We are all expressions of God’s Love – each existing only as a silent dream, that when whispered from His Heavenly lips came to life.
We are all wounded and broken in some way by this fallen and fragmented world, yet still beautiful as the very act of living expresses His Great and Infinite Love. Welcome all who come to you gently knowing that this sweet, precious, and broken being is an expression of His Love and as you send them forth – send them floating down the river of prayers flowing from your heart, easing their pain and yours for a moment or maybe a lifetime.
There is a river whose streams make glad the city of God, the holy dwelling places of the Most High.

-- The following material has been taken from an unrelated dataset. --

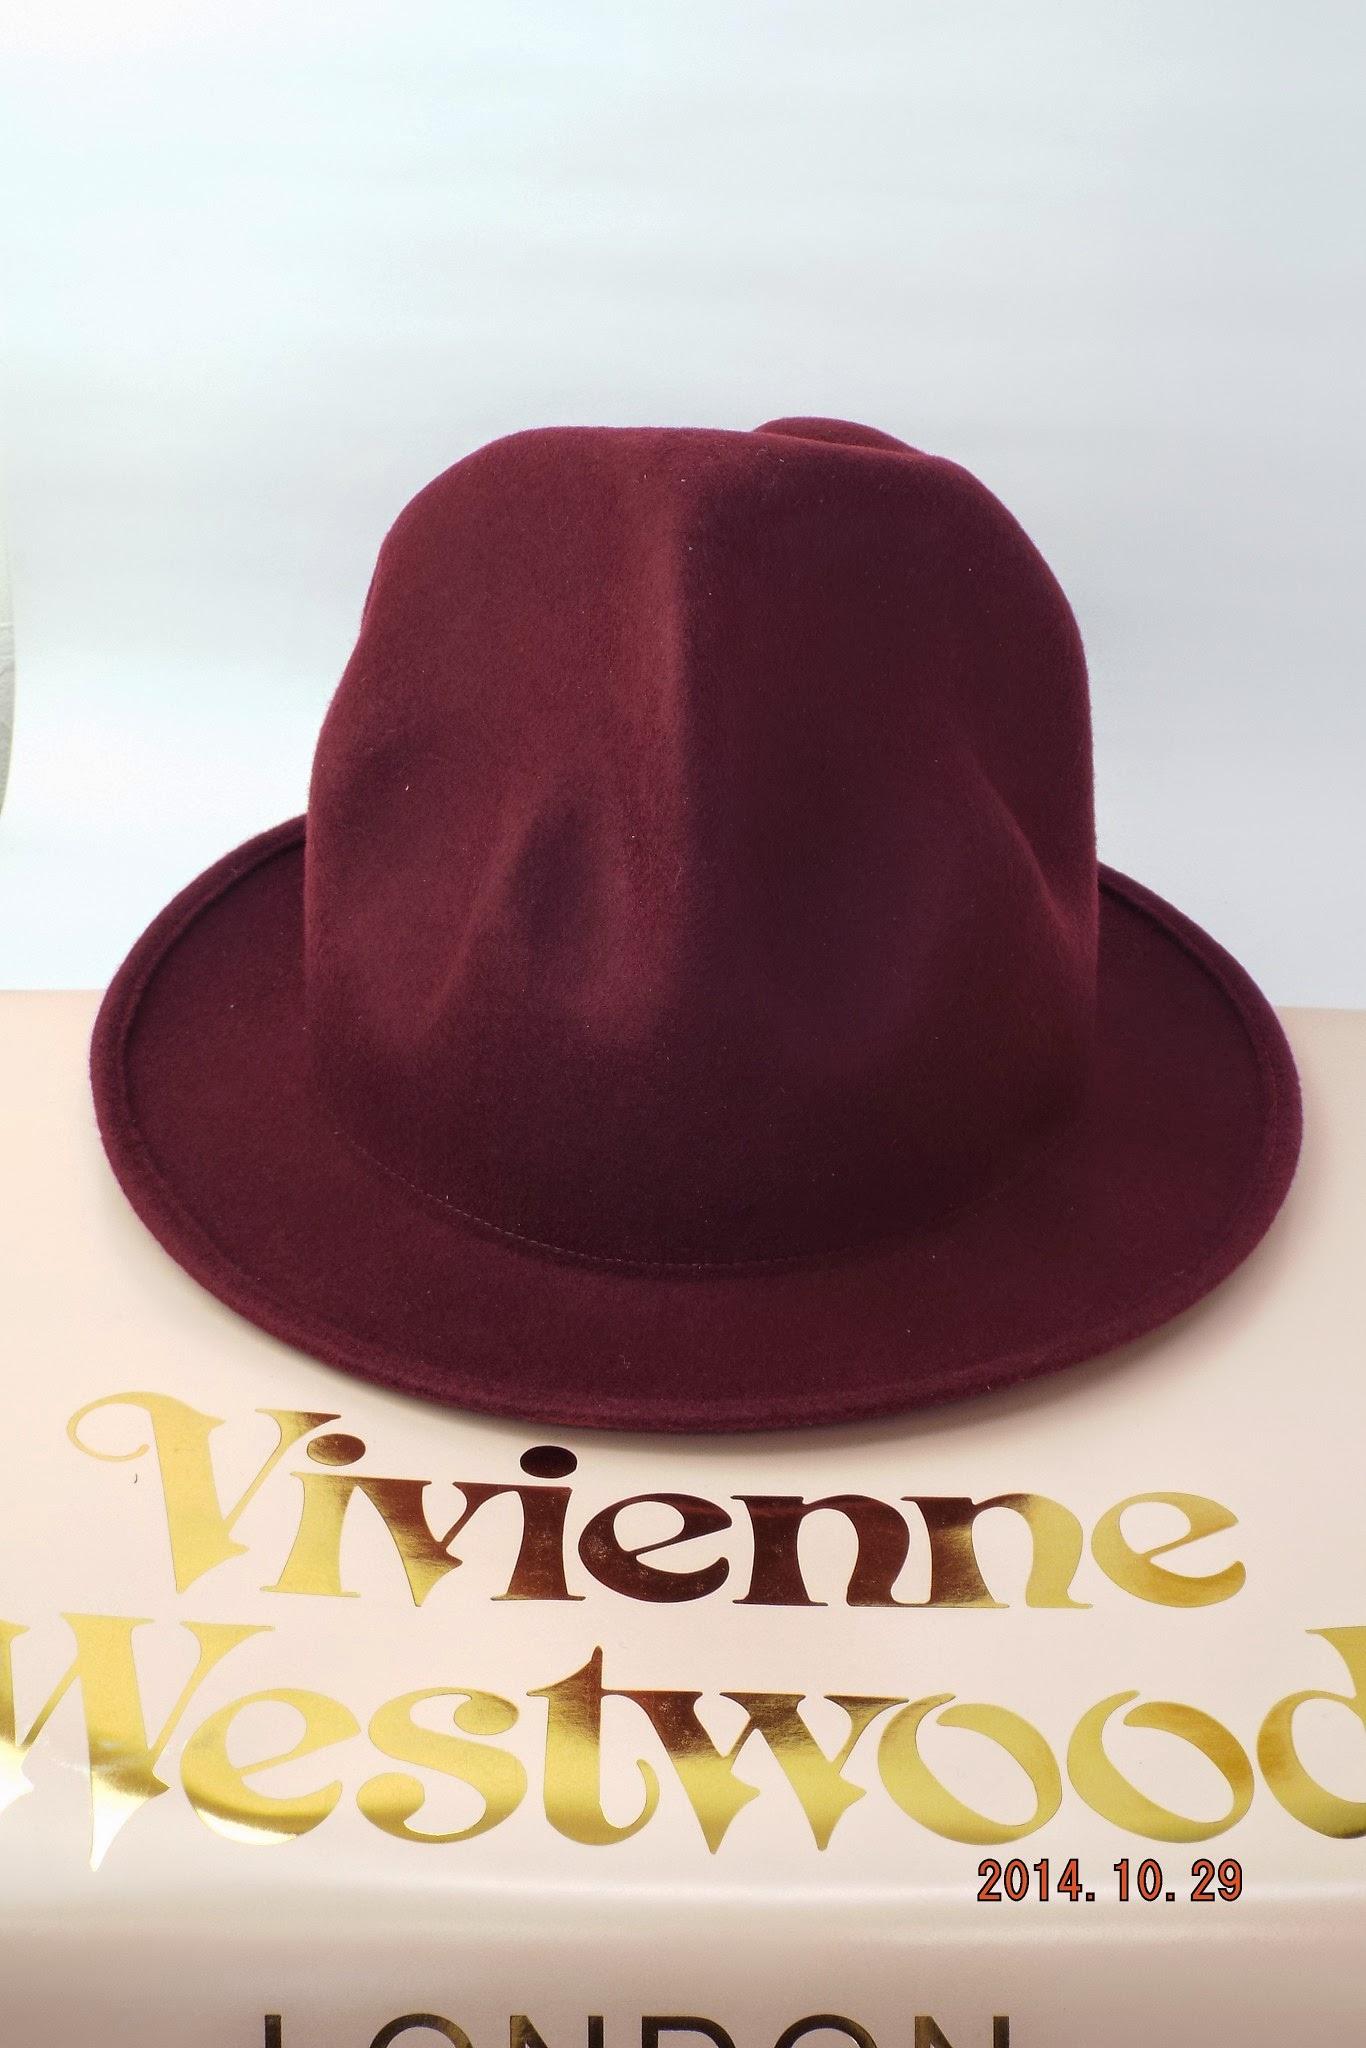 ヴィヴィアンウエストウッド ワールズエンド フェルトマウンテンハット ワイン

The other morning I fell yet again.
It was the one day of the month when parents can walk their children to their classrooms, see their artwork and help them unpack and get ready for their school day.
The girls were eating slow, laughing a lot and having a ball at breakfast. I interrupted their little party to tell them them to hurry up. It didn’t phase them, they kept enjoying their breakfast and each others company. I rushed them again and again they continued to slowly enjoy their breakfast and their sweet little jokes. Then I continued complaining about the fact that we were leaving 10 min later than I wanted to leave while brushing their teeth, getting their socks on and urging them into their shoes. At one point I asked my youngest to please put her shoes on and she started laughing at me and told me that I had already put them on for her.
When we finally arrived at school, I realized that we had forgotten their folders. My sweet oldest was finally upset. She is so studious and organized and was very upset about coming to school without her folder. I felt so bad, but even in the midst of my guilt I didn’t say the right thing.
After getting them to their rooms, I ran home to get their folders. I then waited at the office while my oldest came to pick up her folder and I finally apologized for being so impatient earlier that morning.
As we hugged she whispered “I forgive you” into my ear.
I think I have finally realized that God did not make me the mother of these three sweet little blessings because of anything I have done, but instead because how strong they are to withstand all of my mistakes and because of everything I still have to learn about patience, goodness, forgiveness and love from them.
God thank You for Your forgiveness every time I fall and thank You for these three blessings in my life who so willingly forgive me as You do!
Please continue to open my eyes to all of their wonderful teachings and keep reminding me to slow down and take everything one moment at a time!